[EXERCISE PROMPT] Could you give the listing again exactly, without its pictures?

[RECORDED DATA]

== Segment start ==

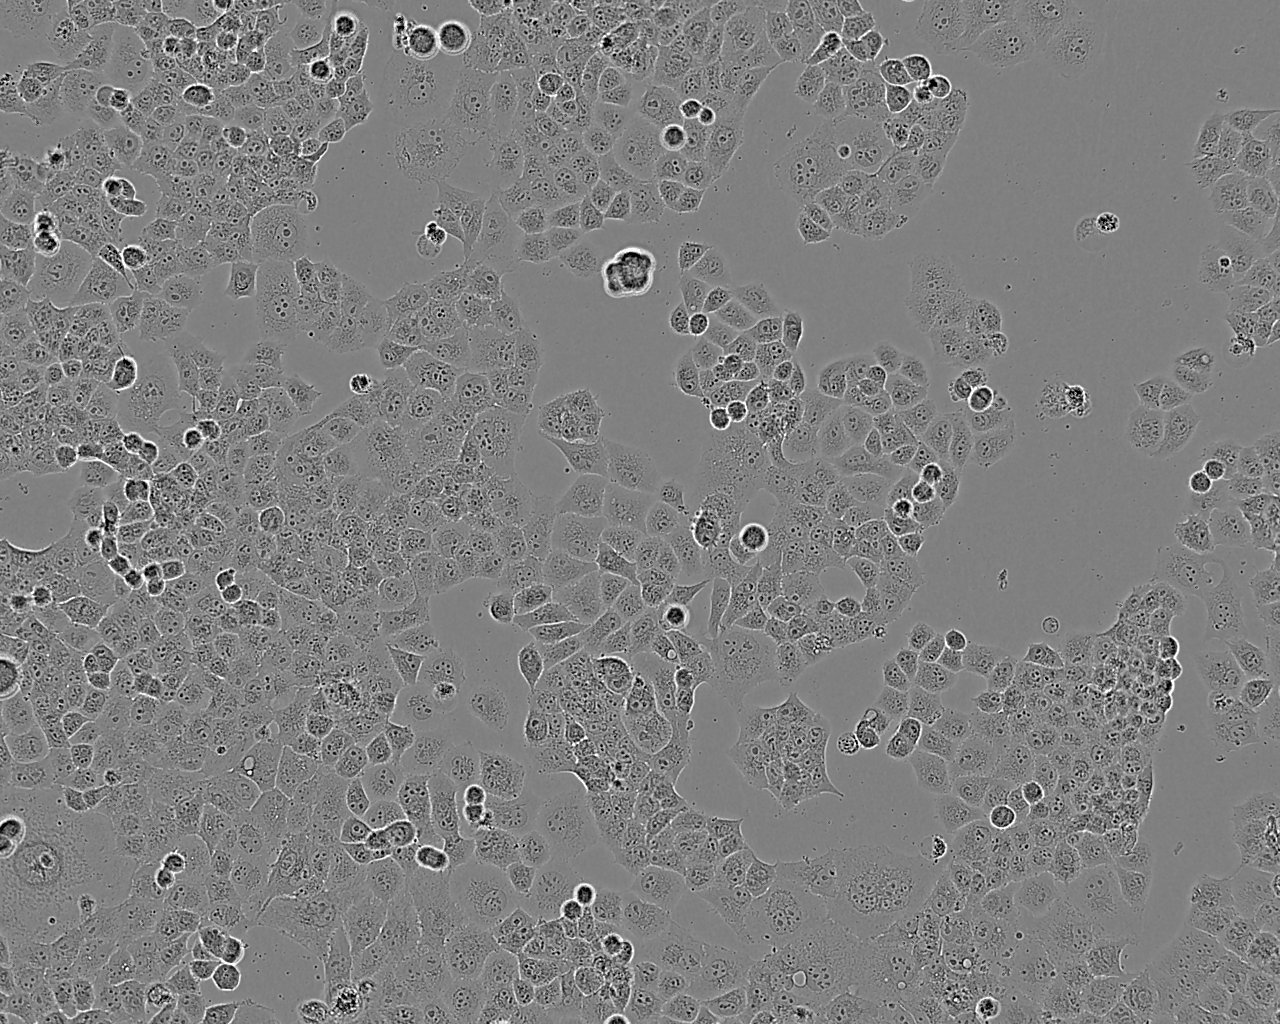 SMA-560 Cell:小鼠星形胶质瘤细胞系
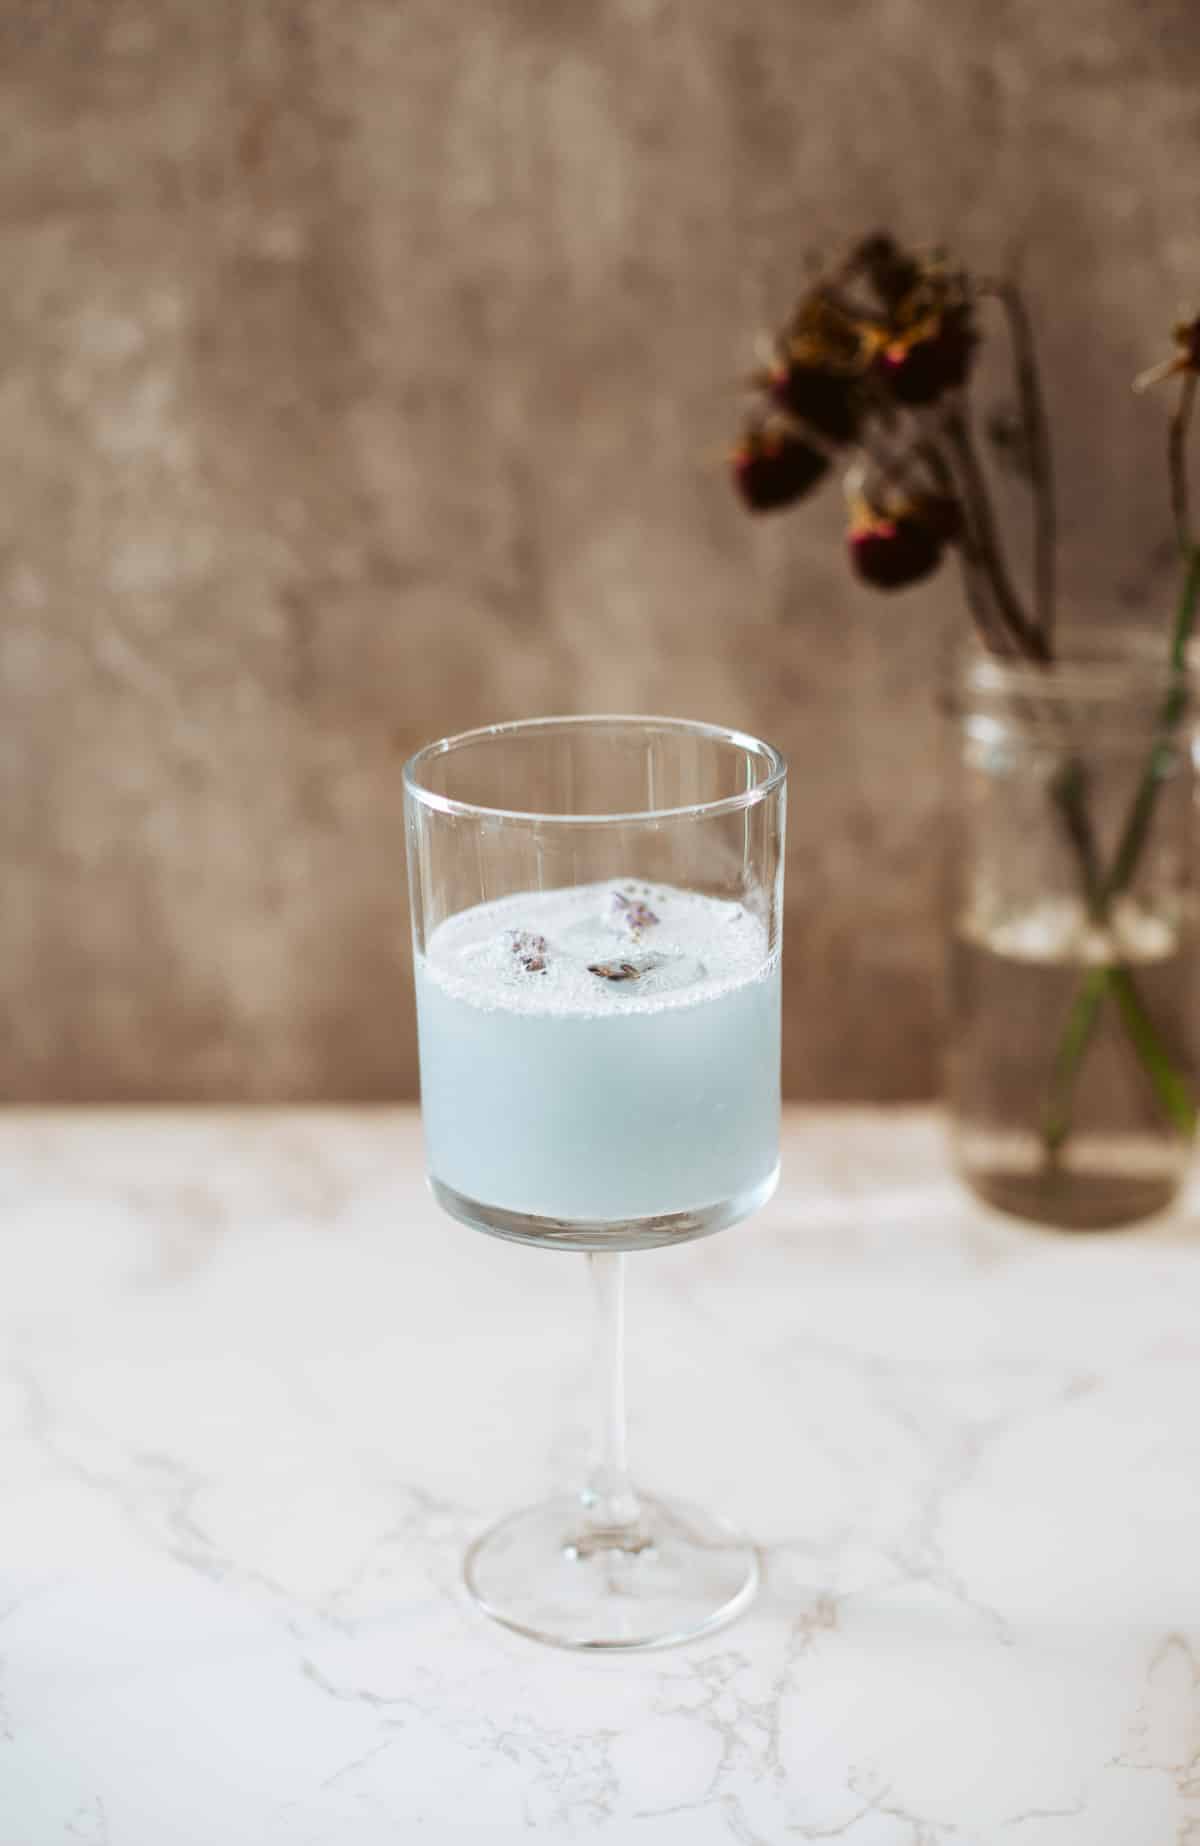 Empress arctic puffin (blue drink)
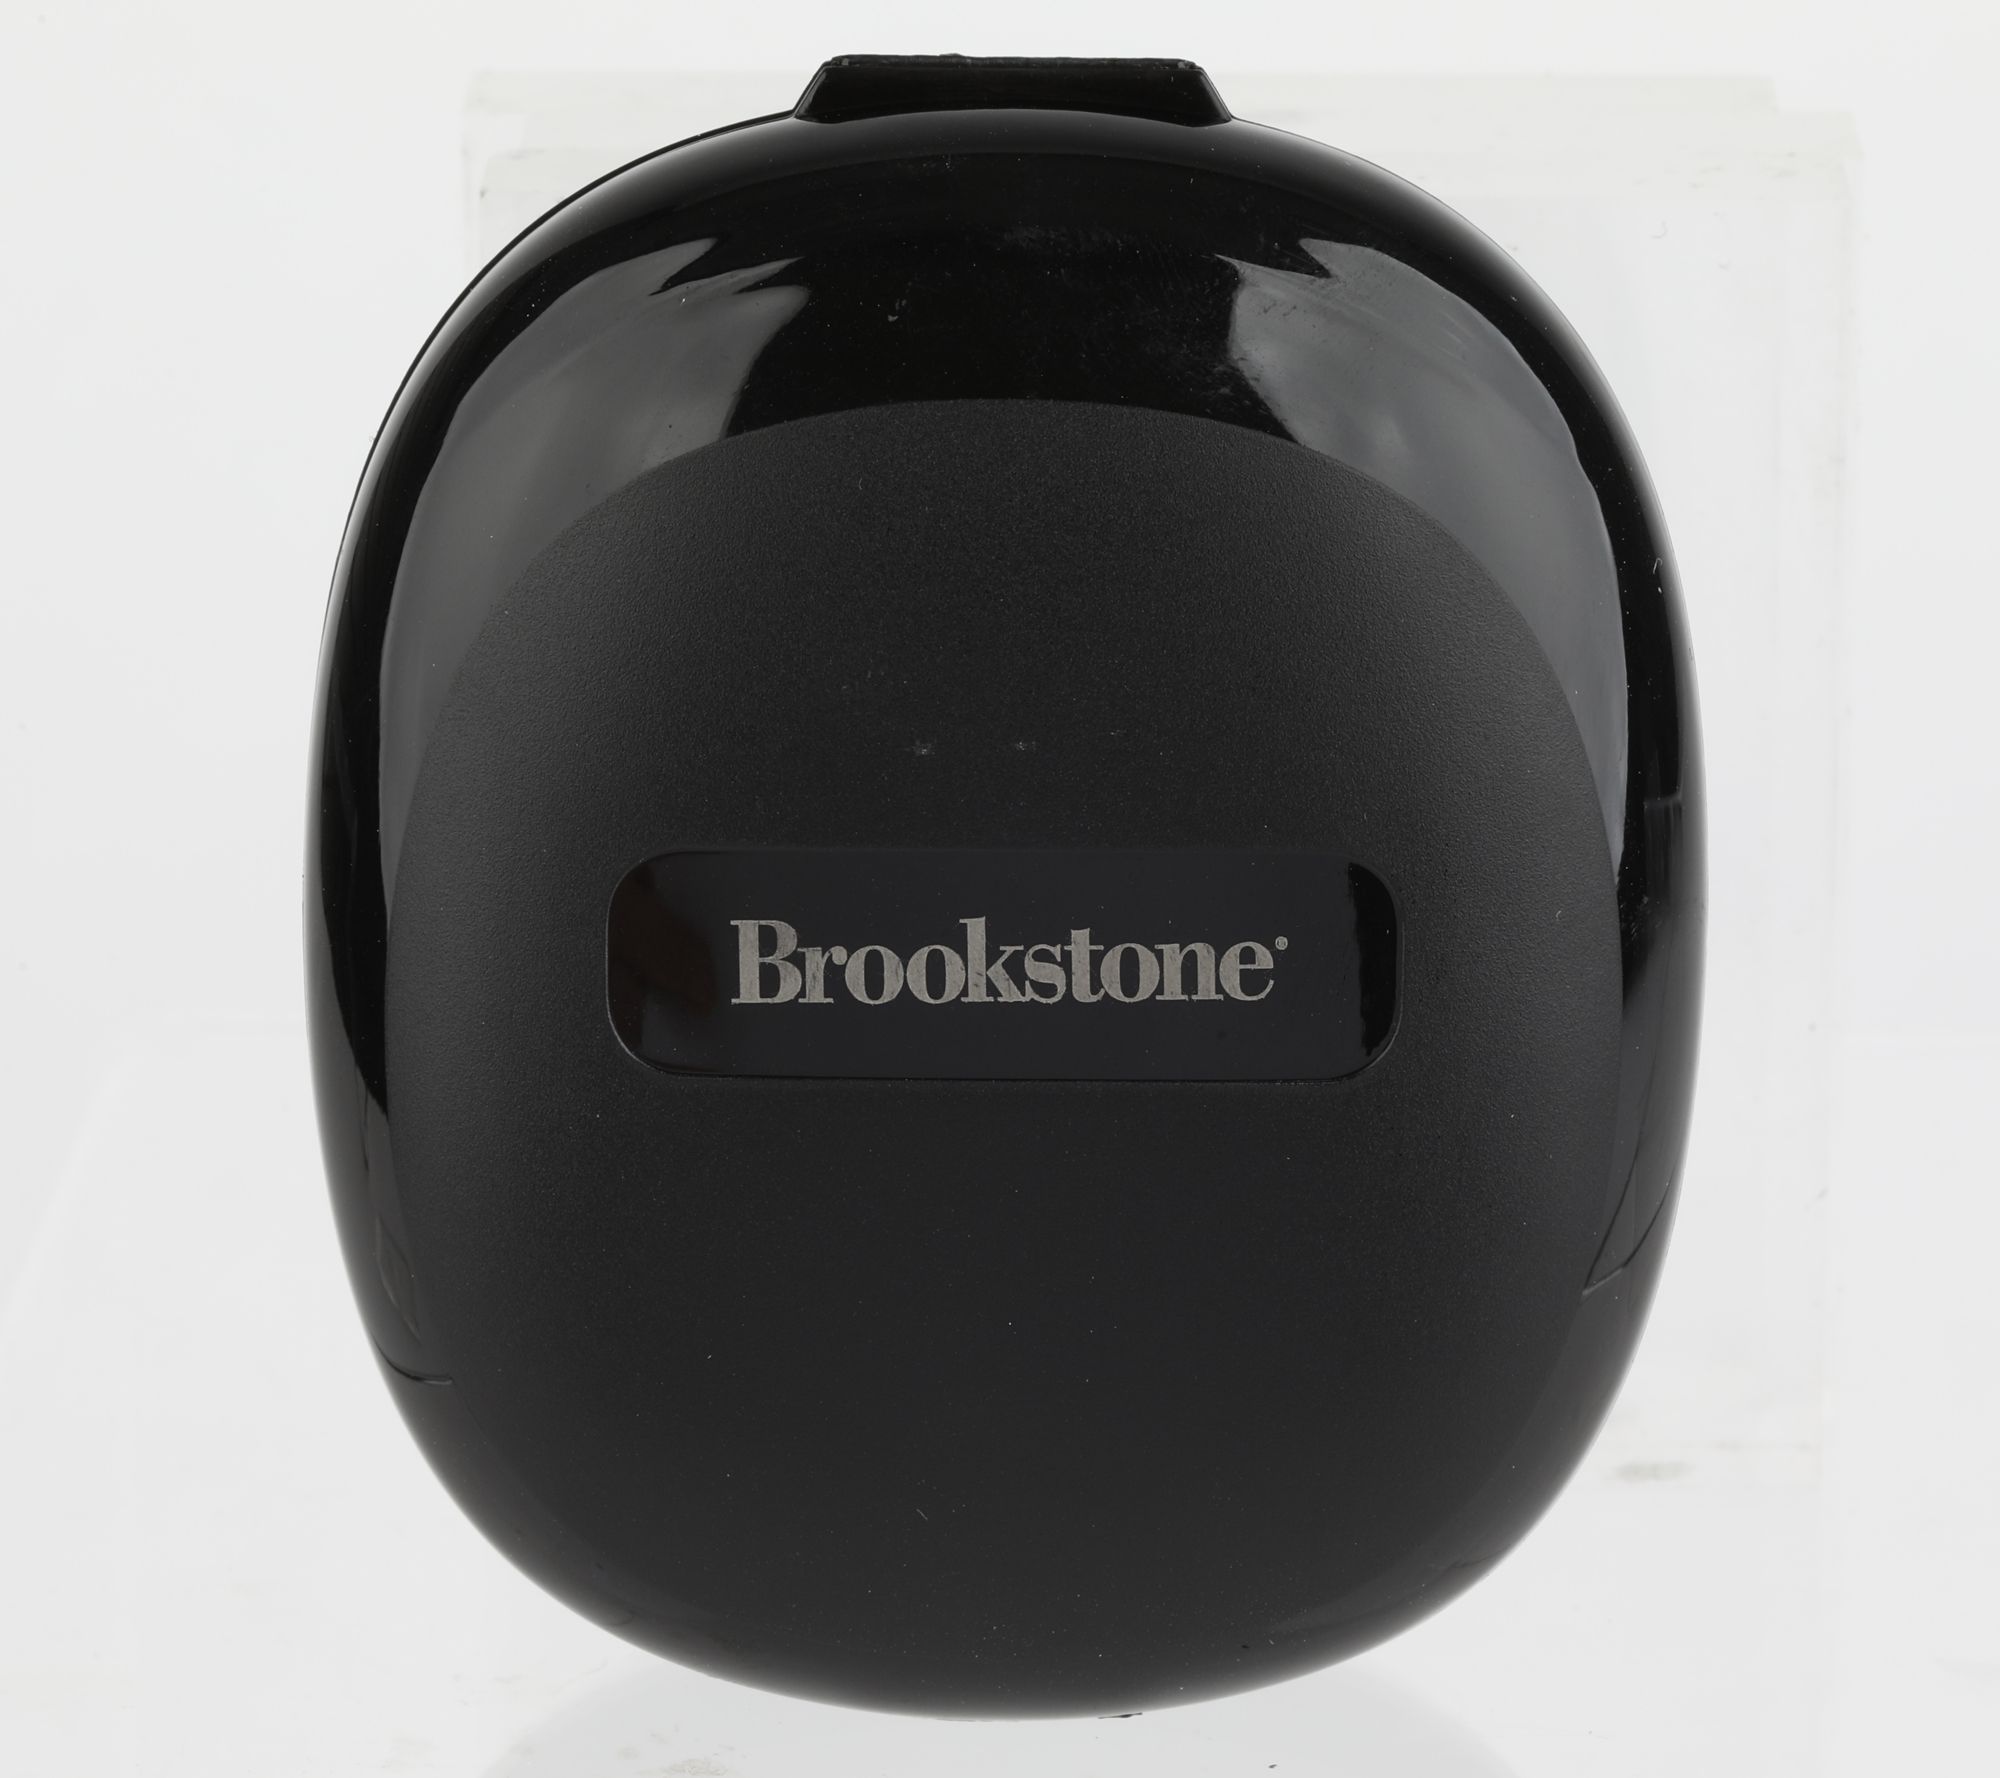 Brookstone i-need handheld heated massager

== Segment end ==

[SOLVED PROBLEM]
 SMA-560 Cell:小鼠星形胶质瘤细胞系
 Empress arctic puffin (blue drink)
 Brookstone i-need handheld heated massager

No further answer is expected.